# Histogram with Logarithmic Scale and custom breaks

I'm trying to generate a histogram in R with a logarithmic scale for y. Currently I do:

```hist(mydata\$V3, breaks=c(0,1,2,3,4,5,25))
```

This gives me a histogram, but the density between 0 to 1 is so great (about a million values difference) that you can barely make out any of the other bars.

Then I've tried doing:

```mydata_hist <- hist(mydata\$V3, breaks=c(0,1,2,3,4,5,25), plot=FALSE)
plot(rpd_hist\$counts, log="xy", pch=20, col="blue")
```

It gives me sorta what I want, but the bottom shows me the values 1-6 rather than 0, 1, 2, 3, 4, 5, 25. It's also showing the data as points rather than bars. barplot works but then I don't get any bottom axis.

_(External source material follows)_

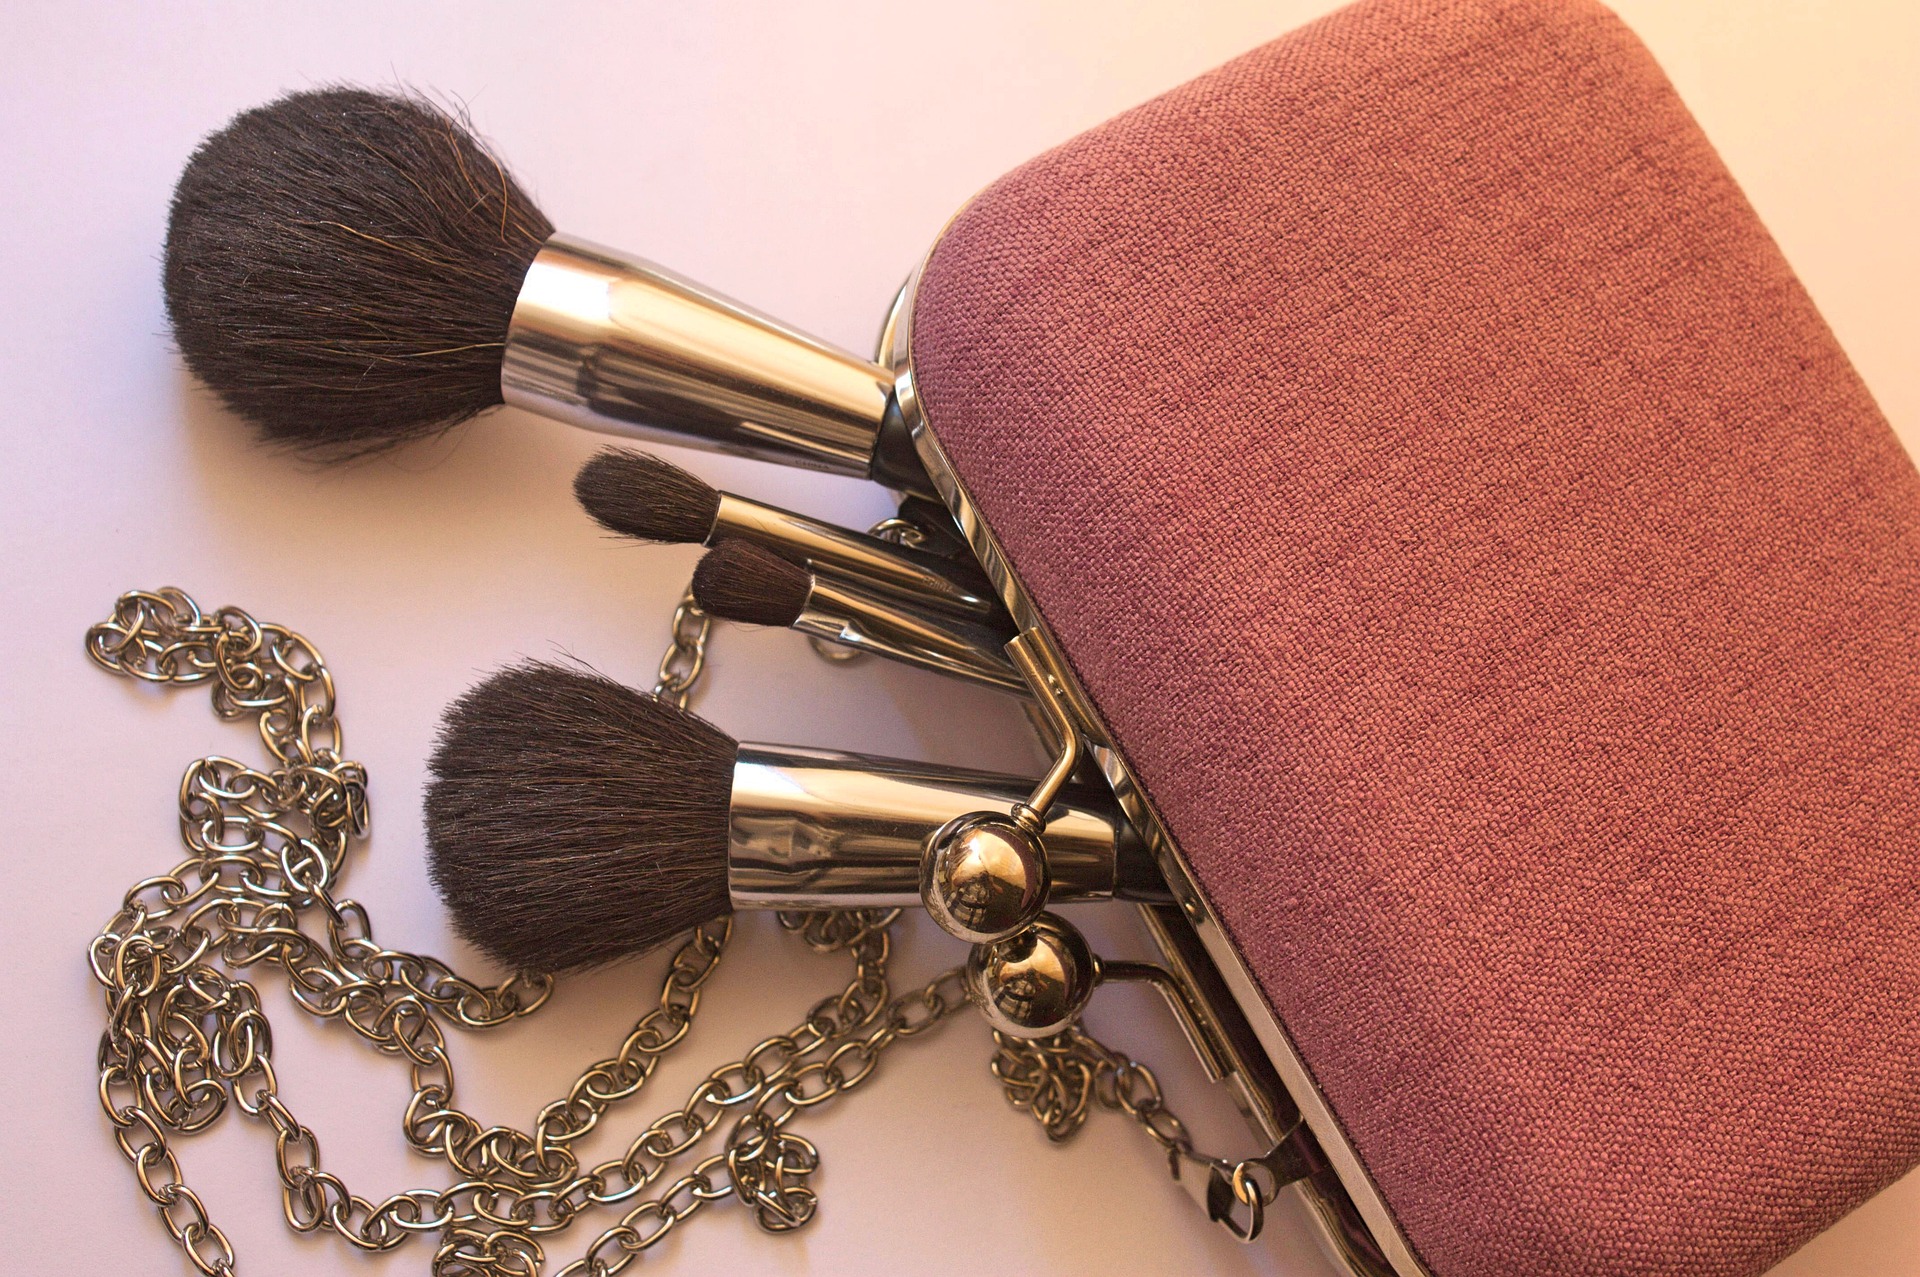 Makeup Brushes Dirtier Than Toilet Seats, Researchers Confirm
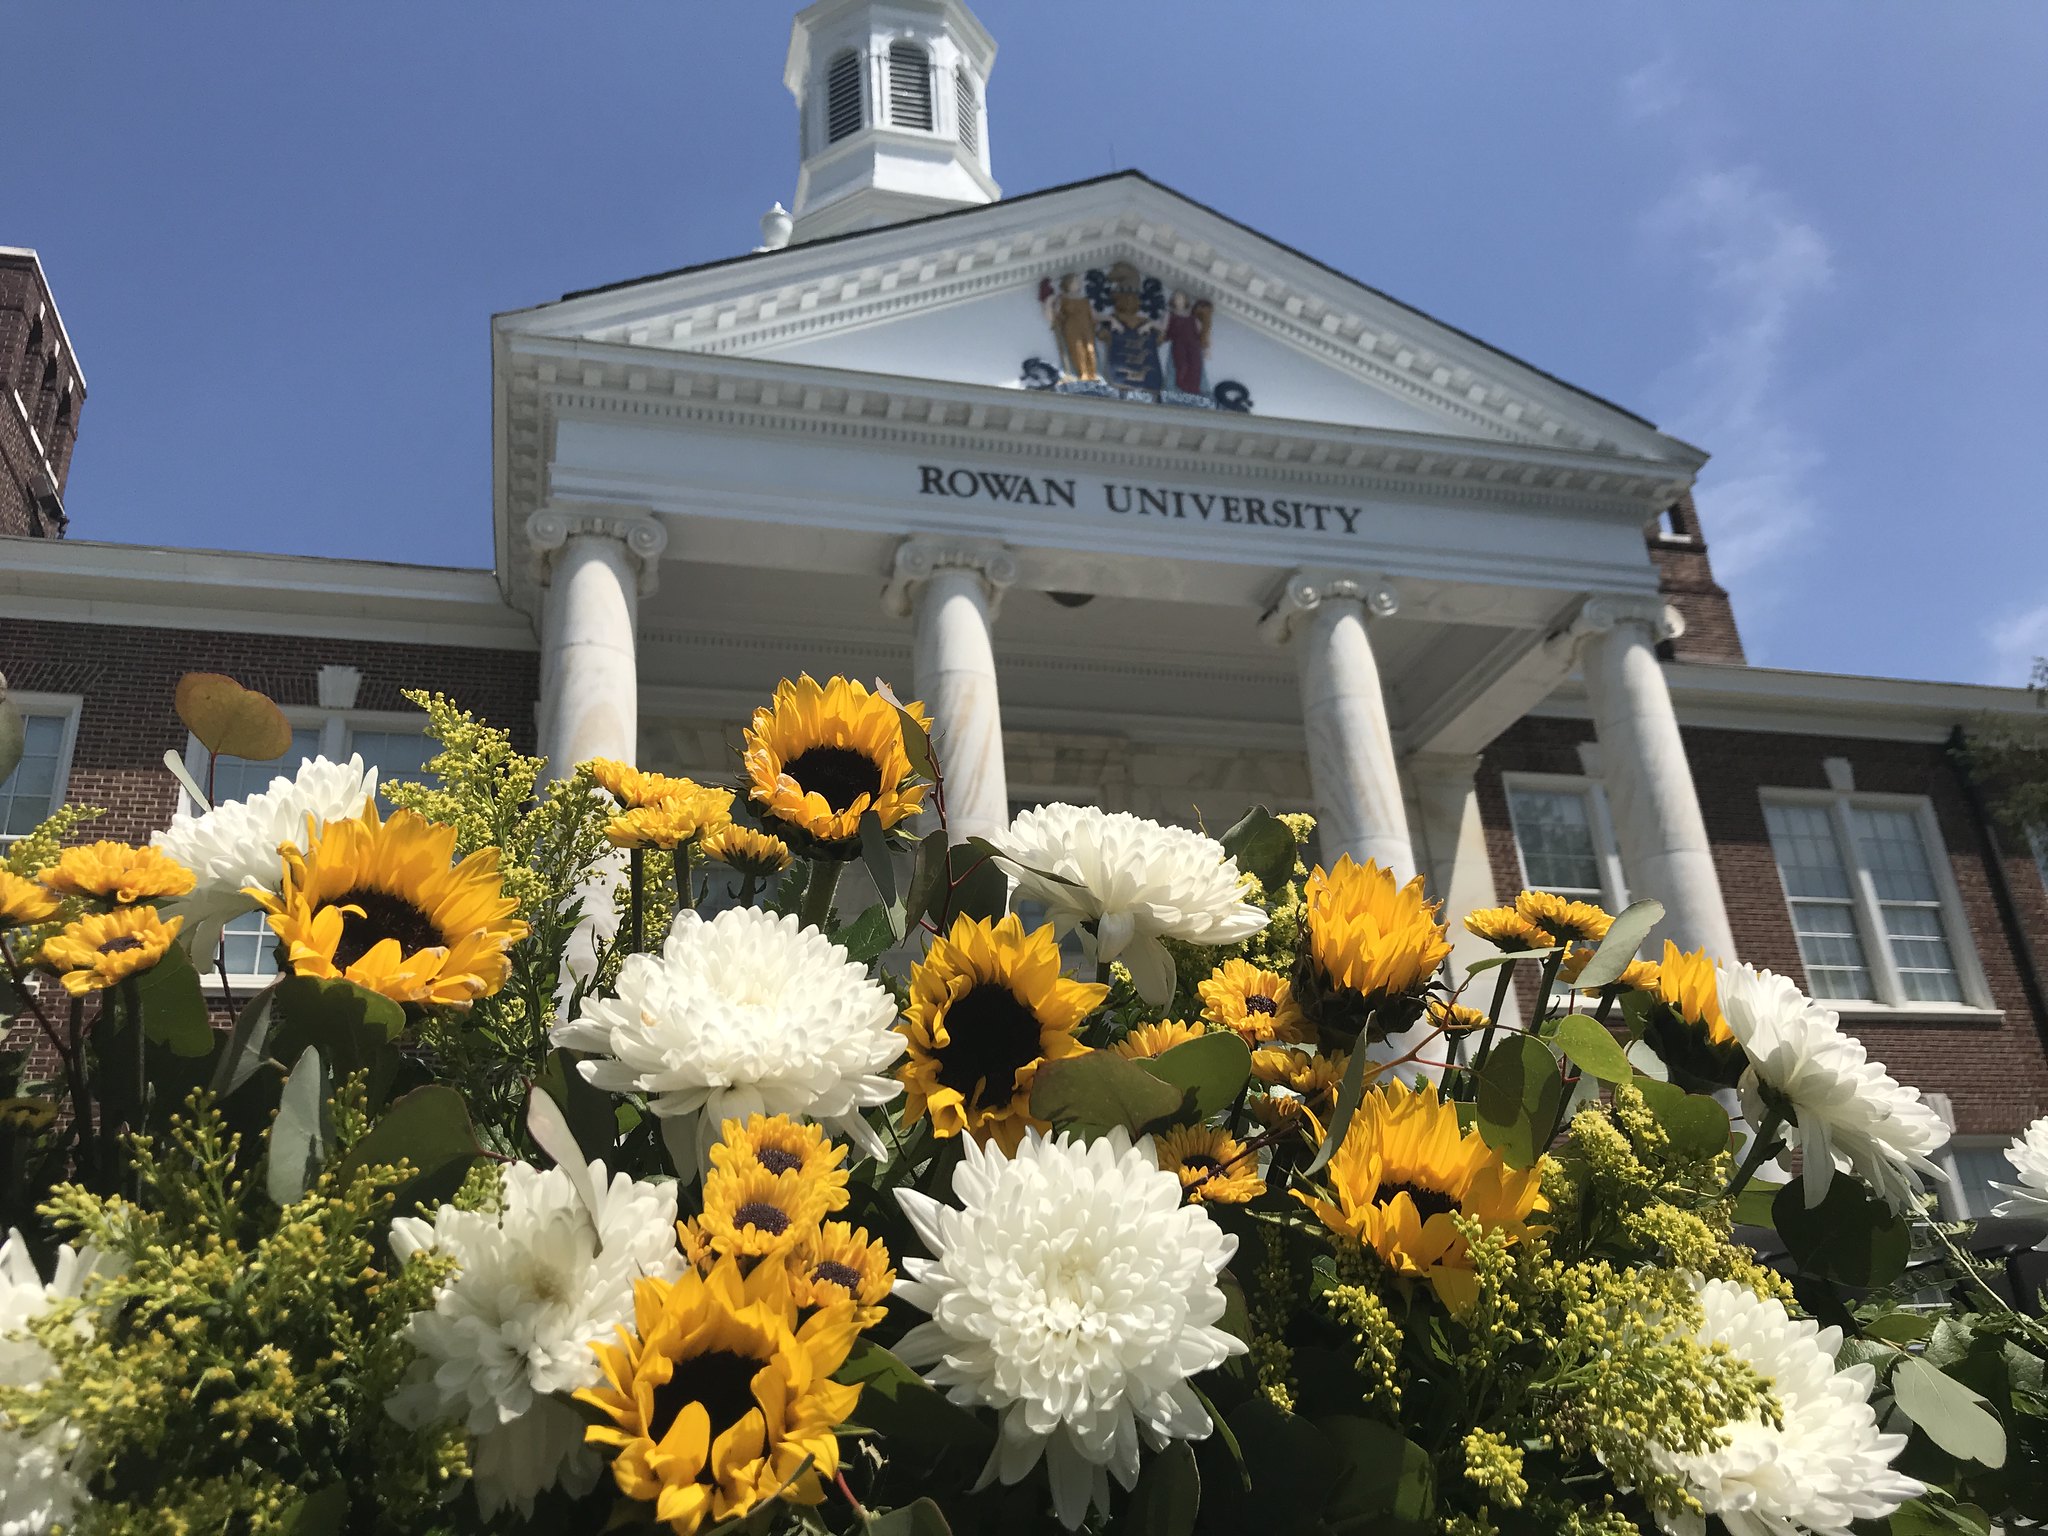 Rowan Univeristy's Bunce Hall with sunflowers in front.

A histogram is a poor-man's density estimate. Note that in your call to hist() using default arguments, you get frequencies not probabilities -- add ,prob=TRUE to the call if you want probabilities.

As for the log axis problem, don't use 'x' if you do not want the x-axis transformed:

```plot(mydata_hist\$count, log="y", type='h', lwd=10, lend=2)
```

gets you bars on a log-y scale -- the look-and-feel is still a little different but can probably be tweaked.

Lastly, you can also do hist(log(x), ...) to get a histogram of the log of your data.

Another option would be to use the package ggplot2.

```ggplot(mydata, aes(x = V3)) + geom_histogram() + scale_x_log10()
```

It's not entirely clear from your question whether you want a logged x-axis or a logged y-axis. A logged y-axis is not a good idea when using bars because they are anchored at zero, which becomes negative infinity when logged. You can work around this problem by using a frequency polygon or density plot.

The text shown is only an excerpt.